### Recorded information
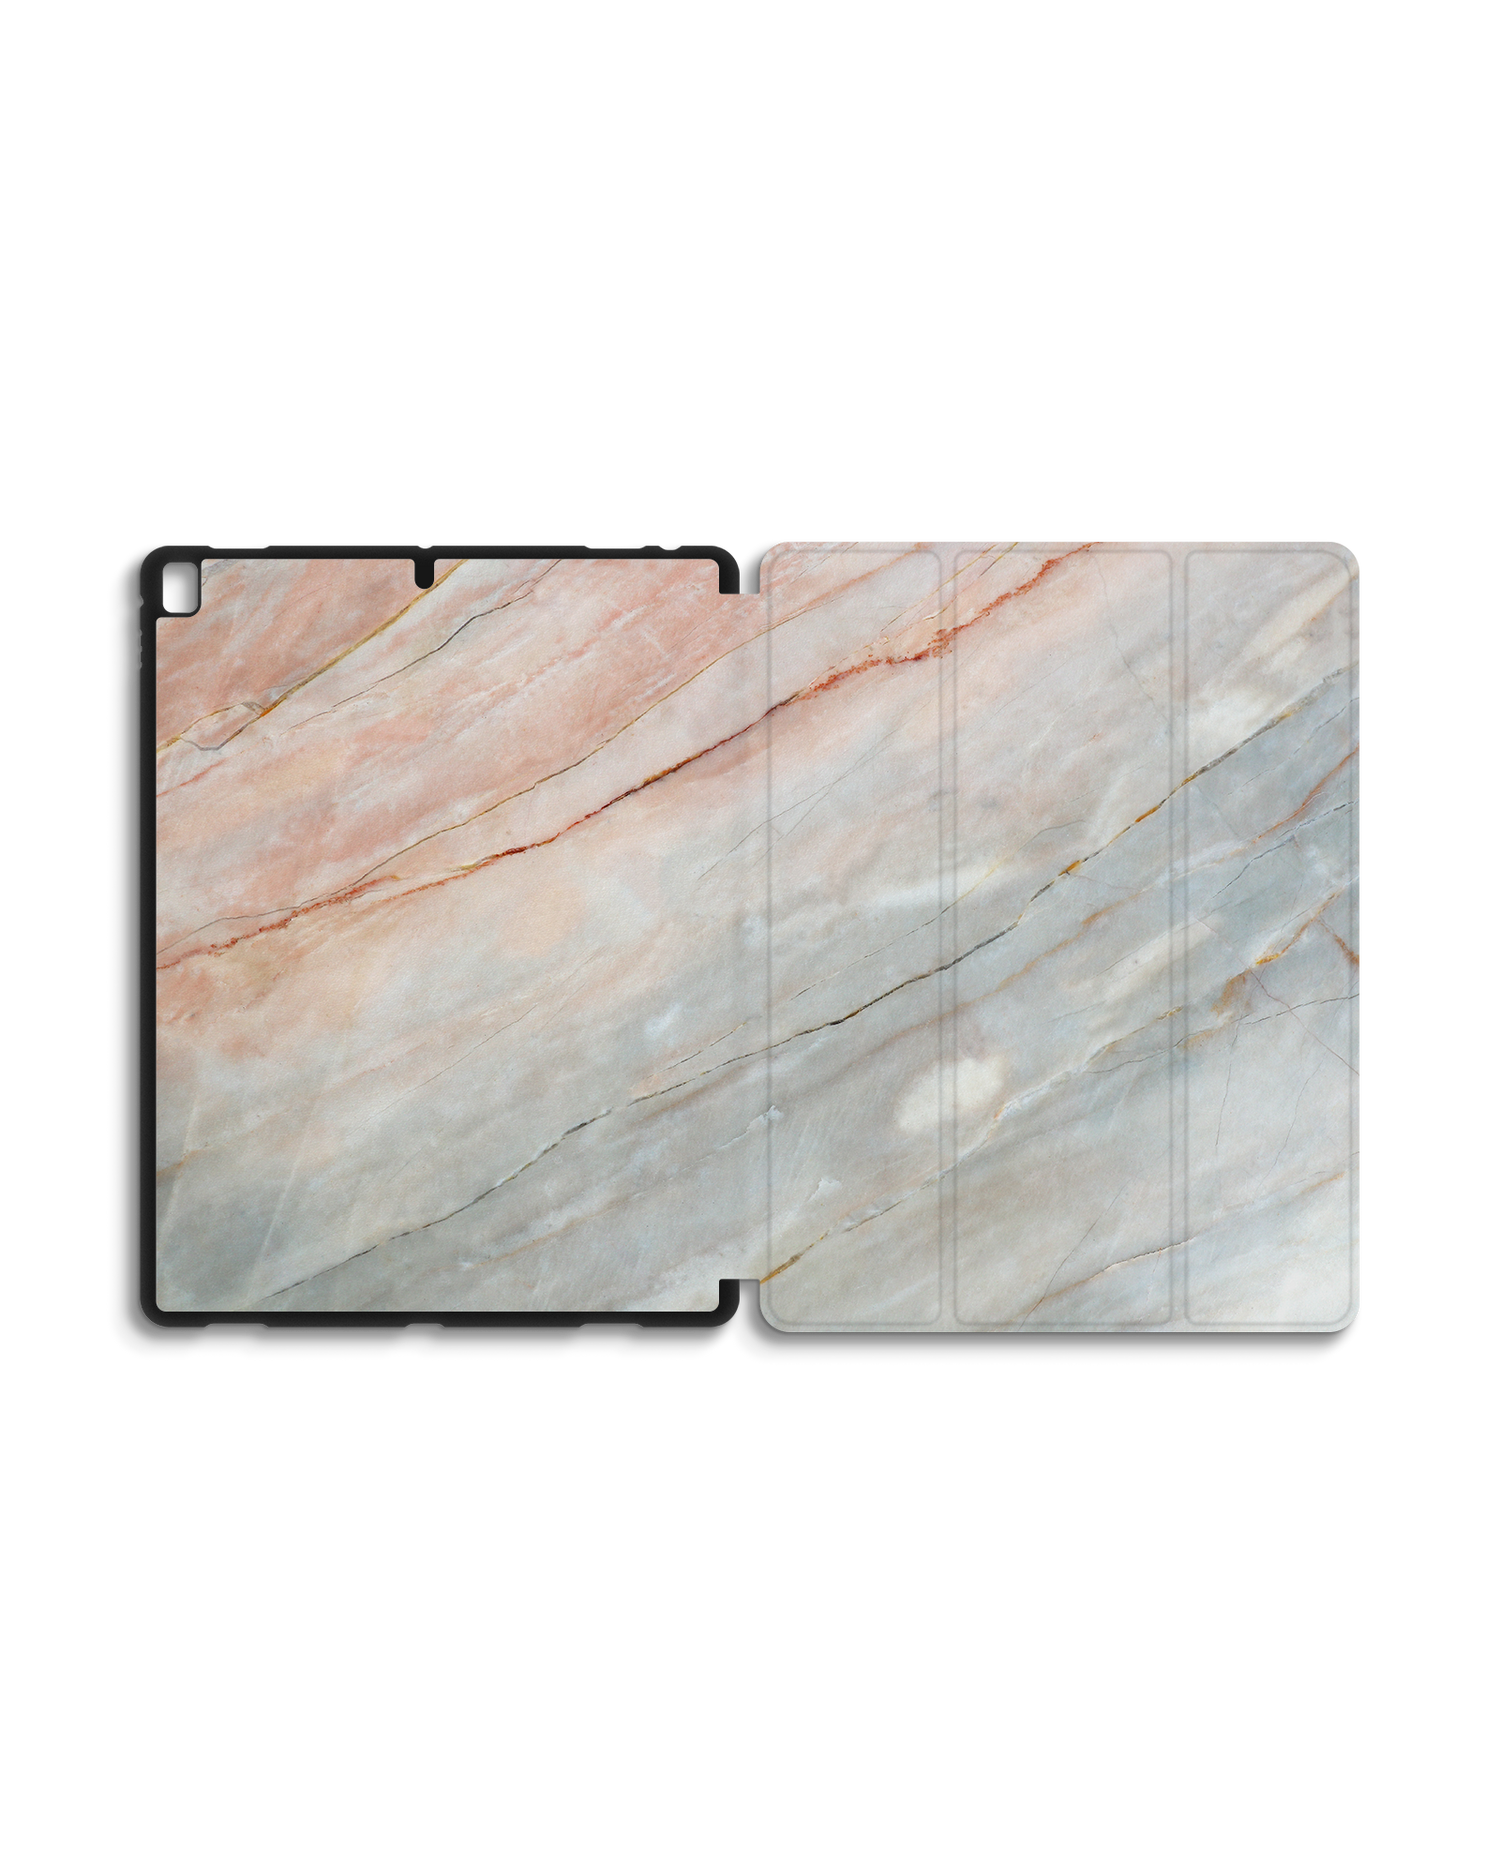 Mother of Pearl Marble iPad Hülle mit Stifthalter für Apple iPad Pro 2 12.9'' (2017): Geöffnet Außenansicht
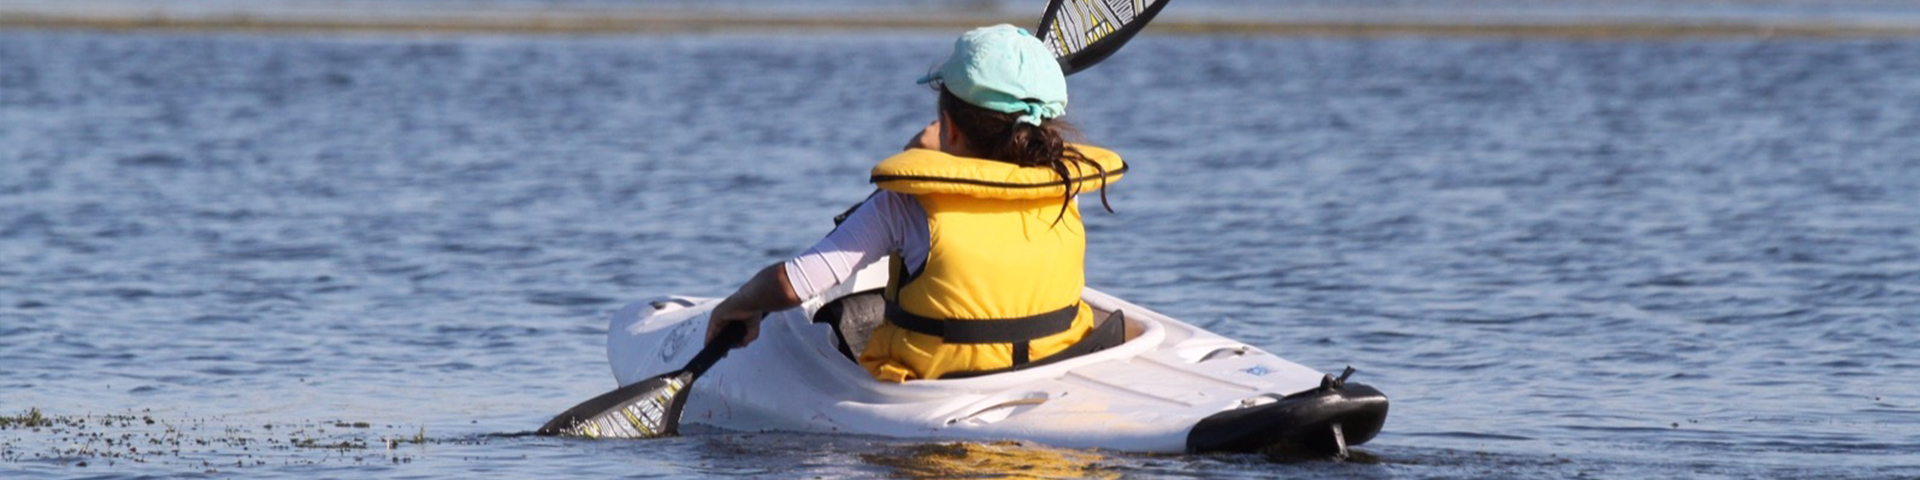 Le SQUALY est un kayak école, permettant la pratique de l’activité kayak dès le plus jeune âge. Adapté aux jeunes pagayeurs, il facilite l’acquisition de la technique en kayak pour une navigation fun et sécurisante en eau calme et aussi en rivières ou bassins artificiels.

...

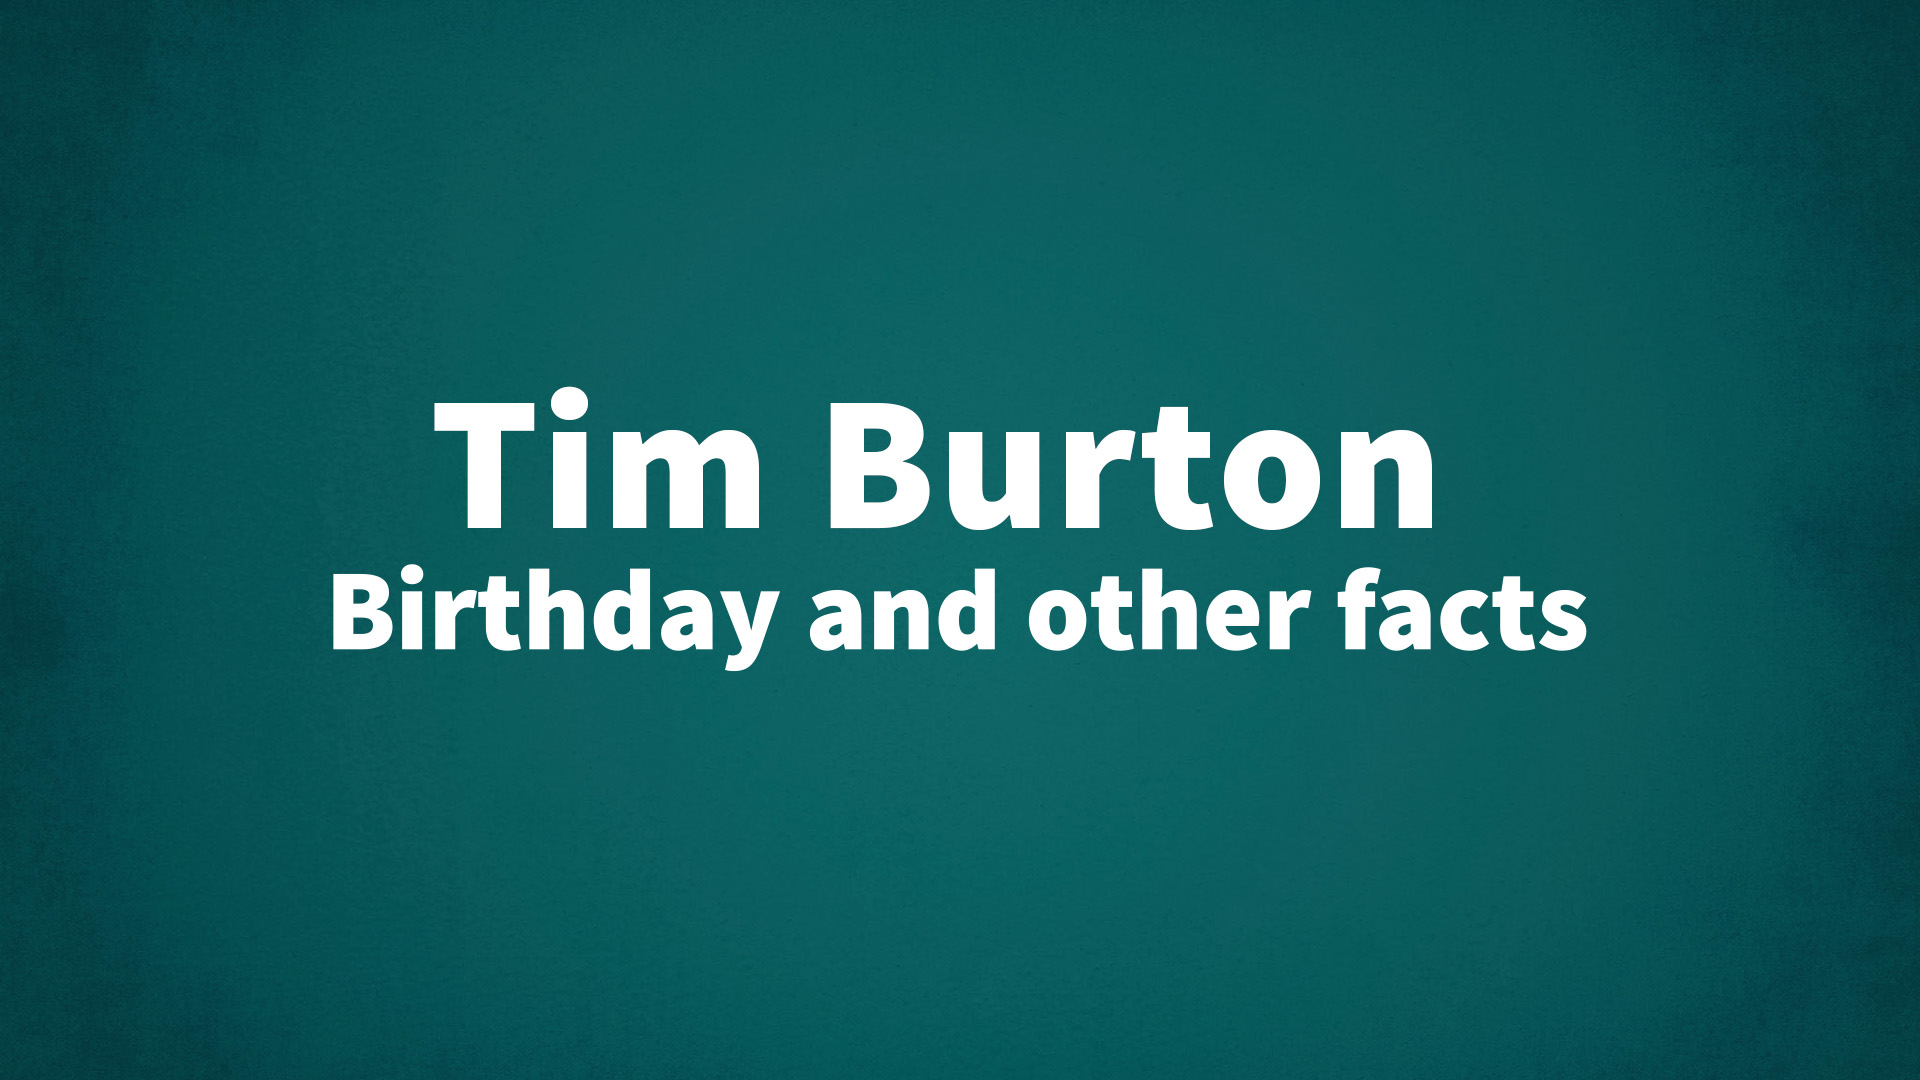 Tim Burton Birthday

### Exercise instructions
Look above for the line with "Mother of Pearl" and the line with "Le SQUALY est", then copy them and all lines in between exactly as written, and only those, without any pictures.

### Answer for the task
 Mother of Pearl Marble iPad Hülle mit Stifthalter für Apple iPad Pro 2 12.9'' (2017): Geöffnet Außenansicht
 Le SQUALY est un kayak école, permettant la pratique de l’activité kayak dès le plus jeune âge. Adapté aux jeunes pagayeurs, il facilite l’acquisition de la technique en kayak pour une navigation fun et sécurisante en eau calme et aussi en rivières ou bassins artificiels.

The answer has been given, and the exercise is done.